- **EXERCISE GOAL**: Everything in the listing below should be written out again exactly, except the pictures.

- **THE DATA**:
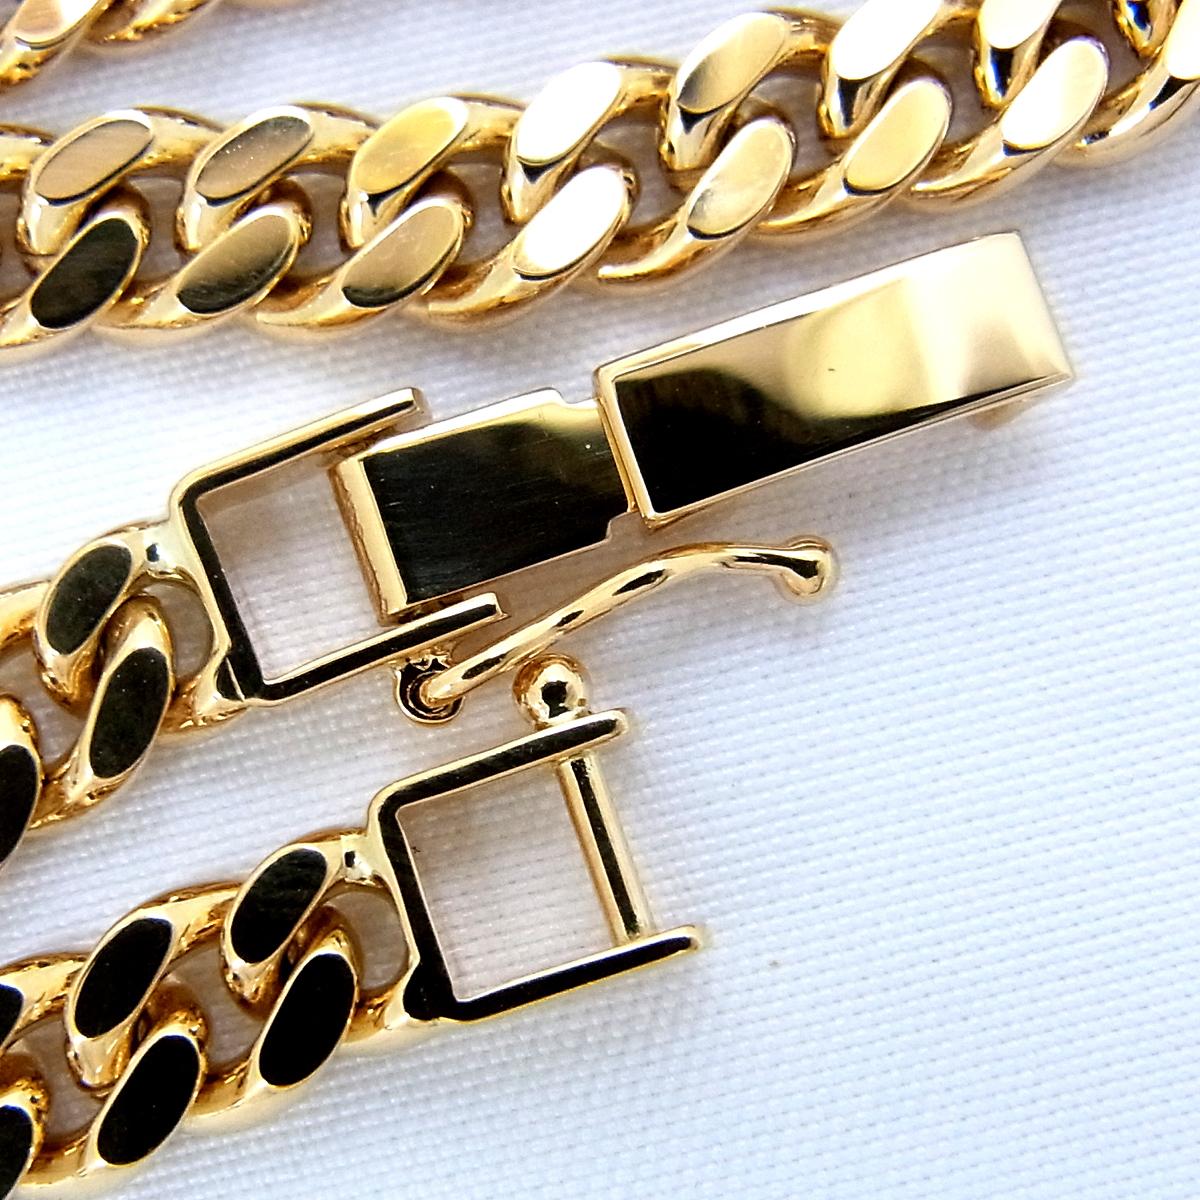 展示品 K18 喜平 2面 シングル ブレスレット 20.2g 長さ:18cm 幅:5.3mm イエロー ゴールド 造幣局刻印 ∞_画像5
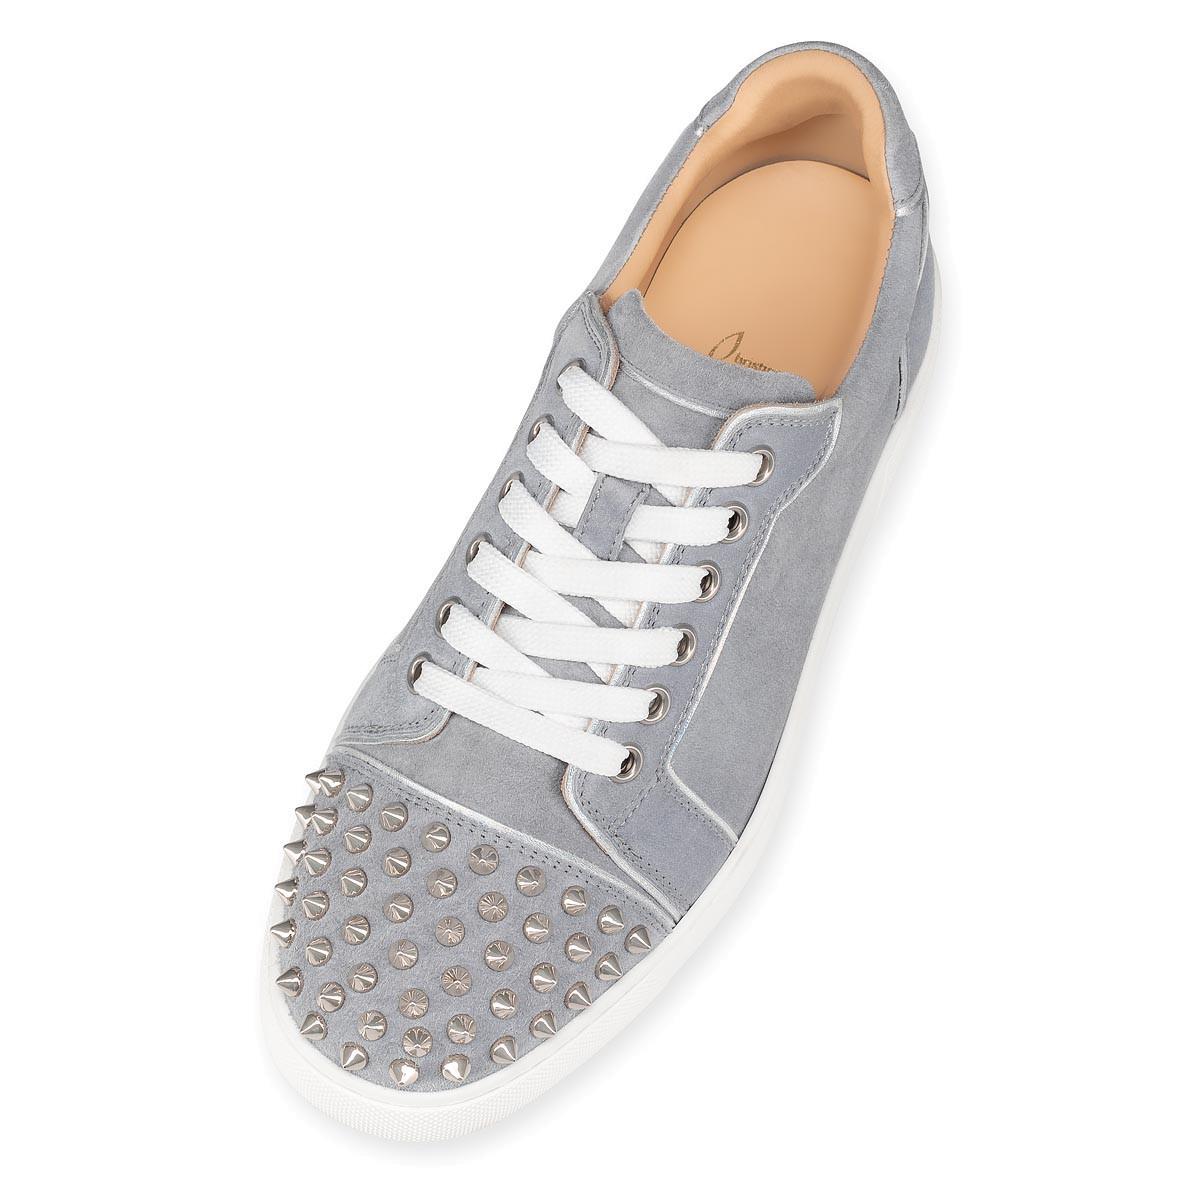 Shoes - Vieira Spikes Flat - Christian Louboutin
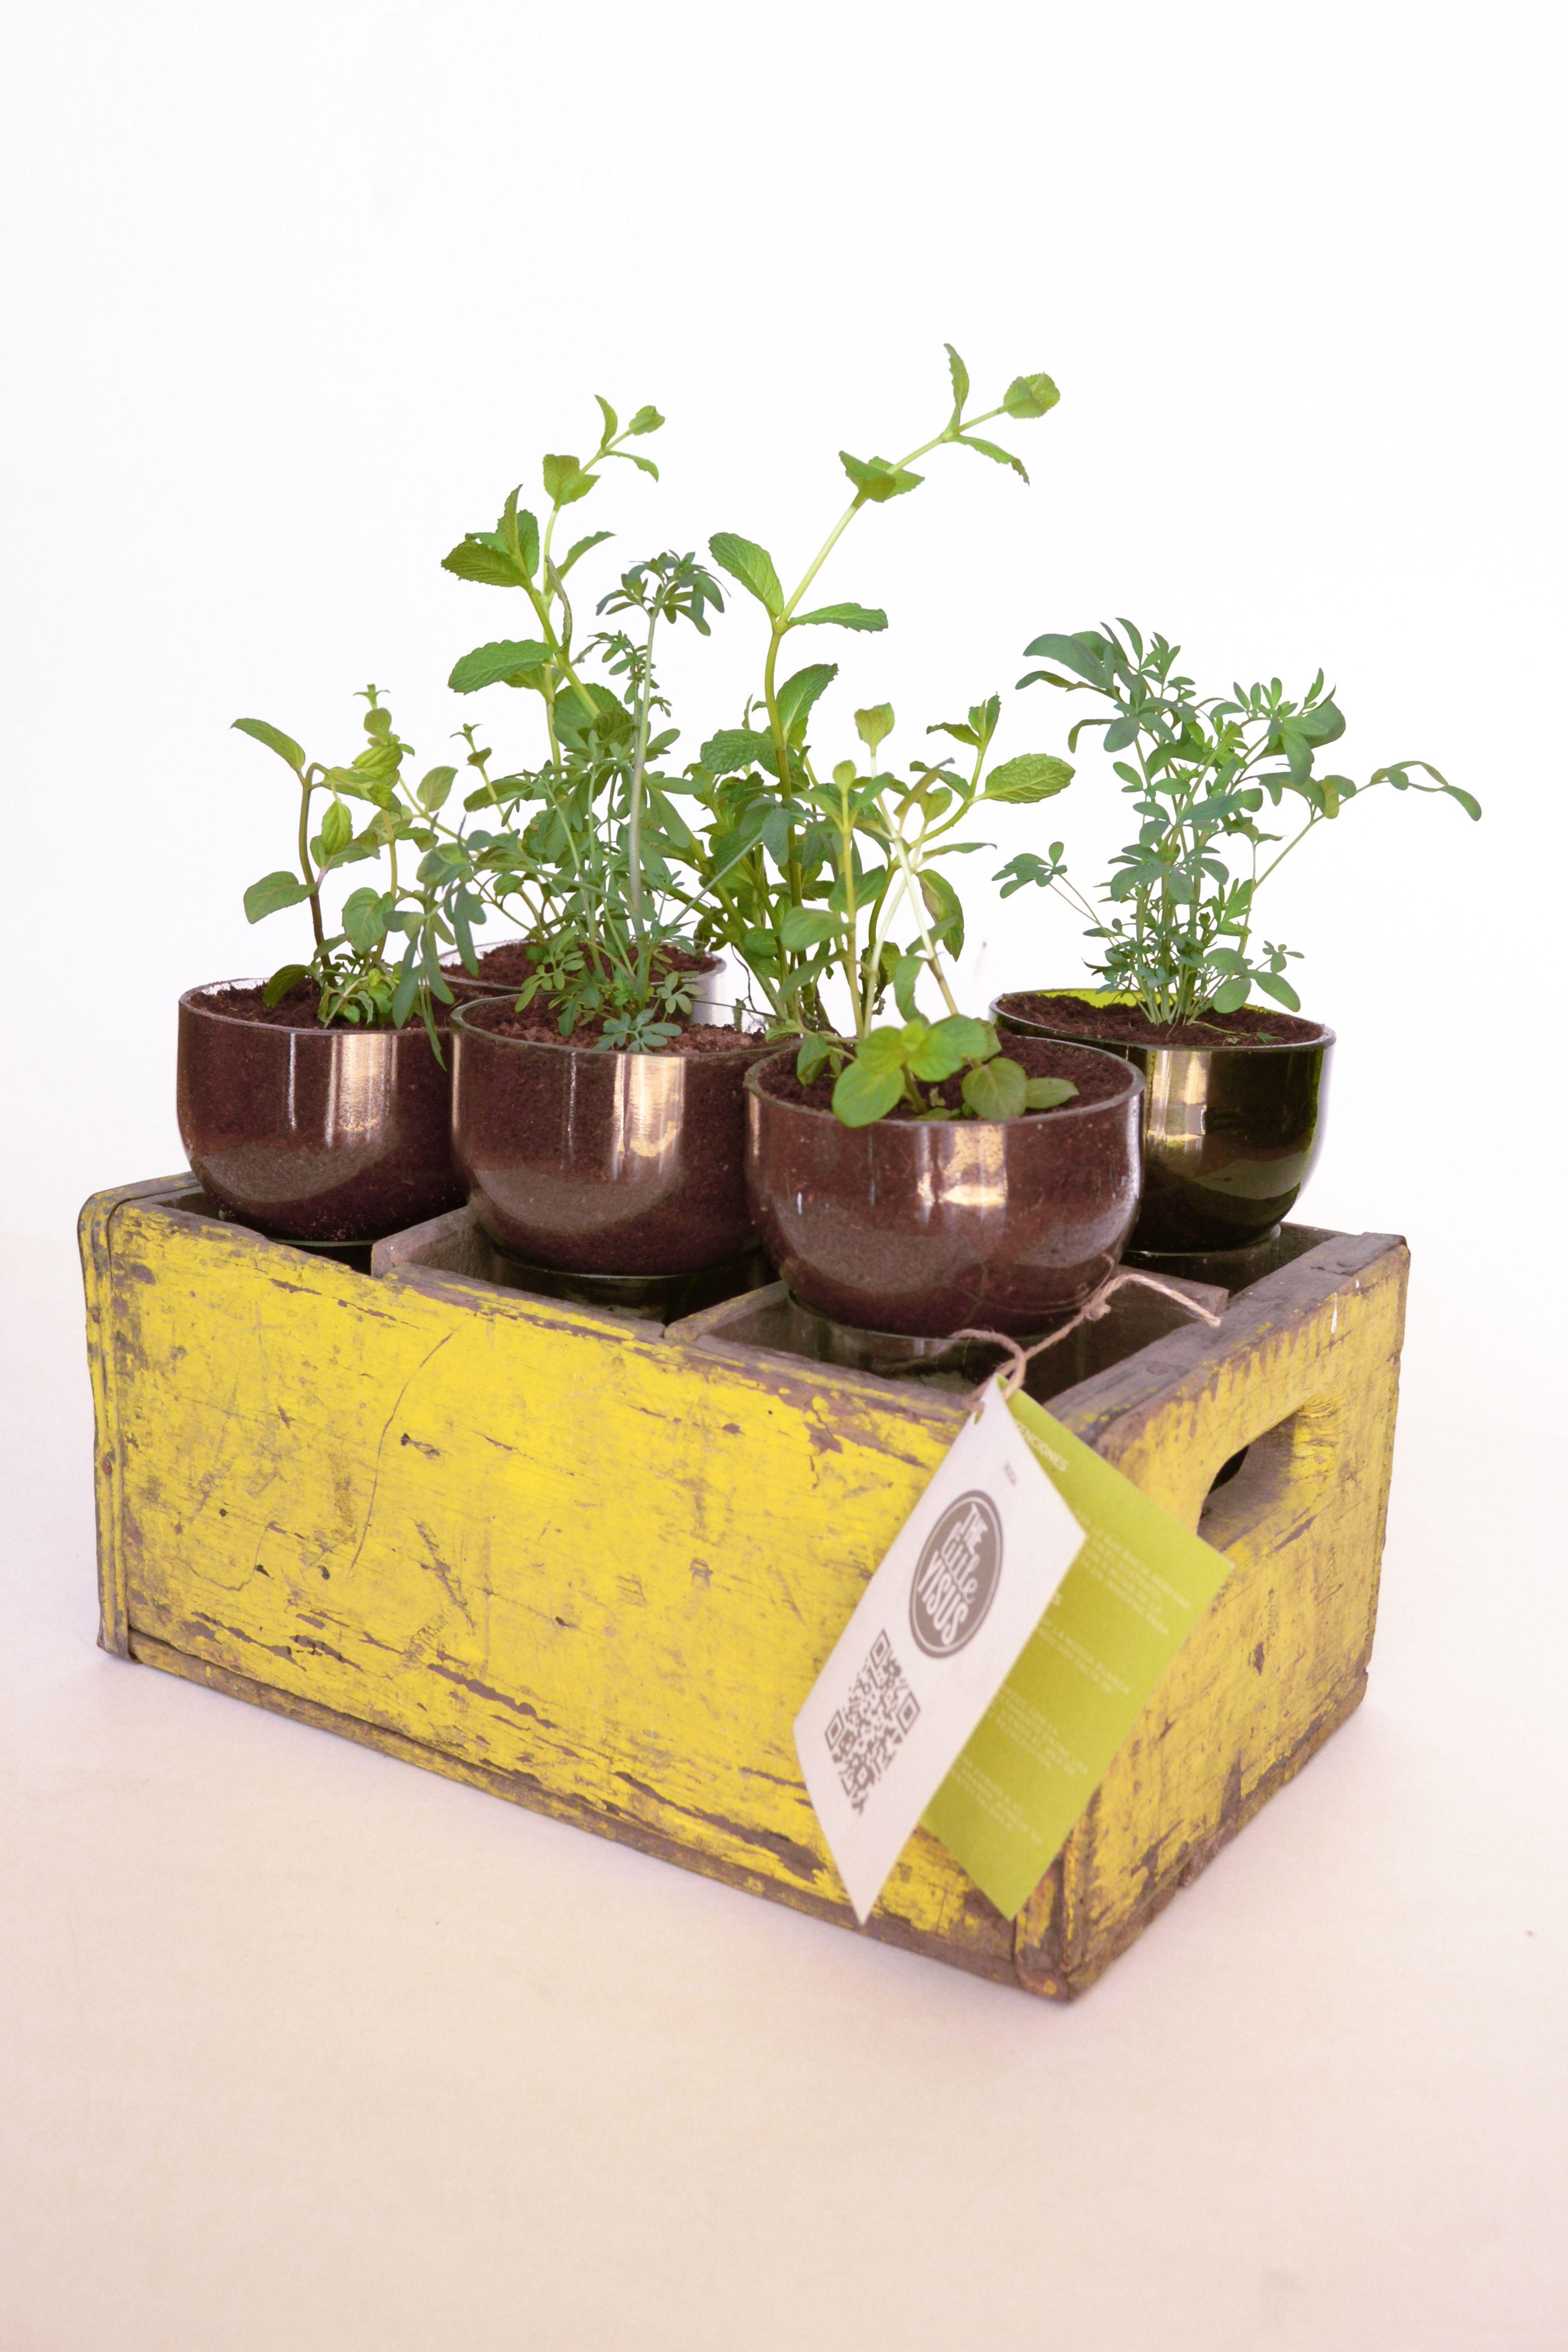 Regalo ecol gico plantas en botellas dise o ecol gico for Diseno de plantas ornamentales

- **RESPONSE AREA**:
 展示品 K18 喜平 2面 シングル ブレスレット 20.2g 長さ:18cm 幅:5.3mm イエロー ゴールド 造幣局刻印 ∞_画像5
 Shoes - Vieira Spikes Flat - Christian Louboutin
 Regalo ecol gico plantas en botellas dise o ecol gico for Diseno de plantas ornamentales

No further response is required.